Вдалеке, за кустами ракитника, заливался рожок пастуха. Издали пастушья песня казалась особенно нежной и сладкой.

Чернело свеже-вспаханное поле; забавно плясали на нем нескладные длинноногие журавли.

Из-за кустов выглянуло стадо. Пастух шел впереди, широко шагая, в новых лаптях и белых онучах. То был день Егорья Вешнего, первый выгон скота в поле, после зимней стужи. Пастух шел, перебирая пальцами дырочки дудки и выговаривая слова незатейливой песенки. За ним, с радостным блеянием, вприпрыжку неслись овцы, бежали коровы, мыча и высоко вскидывая задами, нюхали свежий весенний воздух и тянулись к яркому золотому свету.

Позади, за стадом, шли женщины с освященными вербами, сохраненными еще от вербной недели.

-- Есть горазд охота, дядя Иван, -- сказал Симеон, который не ел с вечера.

Миюска молча расположился в стороне от дороги, под кустом вербы, на котором еще дрожали кайли росы, и деловито, хозяйственно разложил на коленях лук, хлеб и куски вяленой рыбы; все трое принялись за завтрак.

Симеон ел с жадностью; наевшись, развалился на земле и залюбовался небесной синевою, блаженно улыбаясь.

Счастье сознания безграничной свободы и простора охватило все его сильное, как молодой дубок, тело. Он не сознавал еще, куда и зачем идет, на какую жизнь пустился с чужим ему бродягою; он знал только одно: что ему больше не придется итти с толпою нищих на паперть и видеть каждый день одни и те же лица.

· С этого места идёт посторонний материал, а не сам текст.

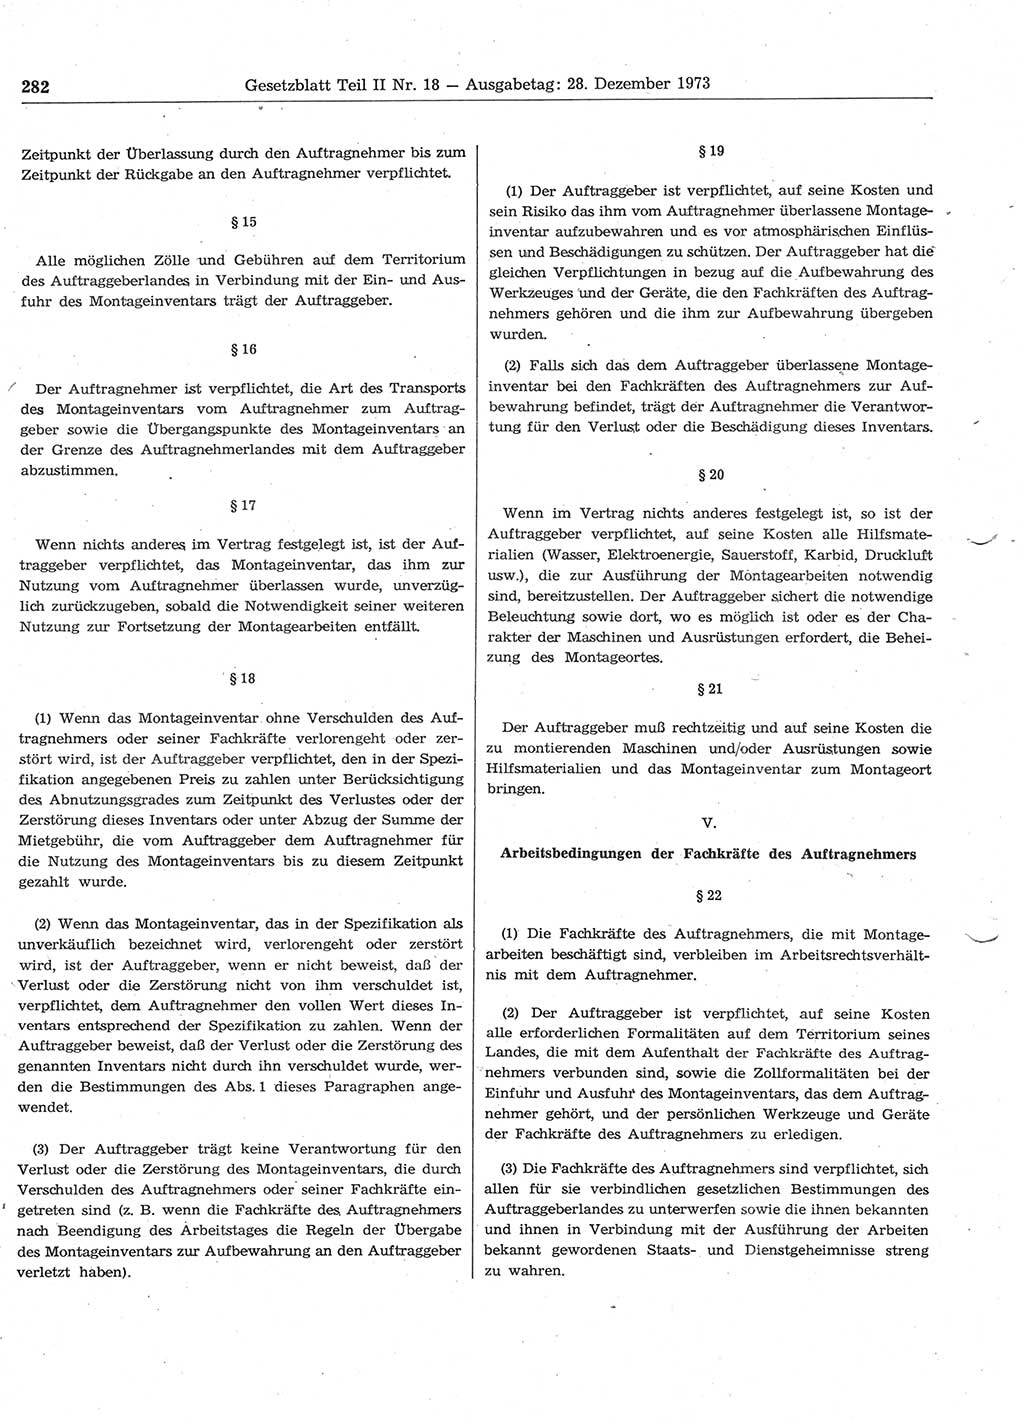 Gesetzblatt (GBl.) der Deutschen Demokratischen Republik (DDR) Teil ⅠⅠ 1973, Seite 282 (GBl. DDR ⅠⅠ 1973, S. 282)

Можно будет шагать, бодро подняв голову, и крикнуть вот так, во всю полноту груди:

-- Ого-го-го!

Миюска с изумлением смотрел на мальчика, который лежал на спине и выкрикивал, среди пронзительного хохота:

-- Ого-го-го!

Звонкое эхо разносило далеко этот крик.

Ворот у Симеона расстегнулся; на бронзовой груди, у нательного креста, виднелся широкий шрам.

Миюска наклонился и внимательно взглянул на этот шрам, отодвигая рубашку.

-- Чего ты, дядя? -- весело спросил Симеон.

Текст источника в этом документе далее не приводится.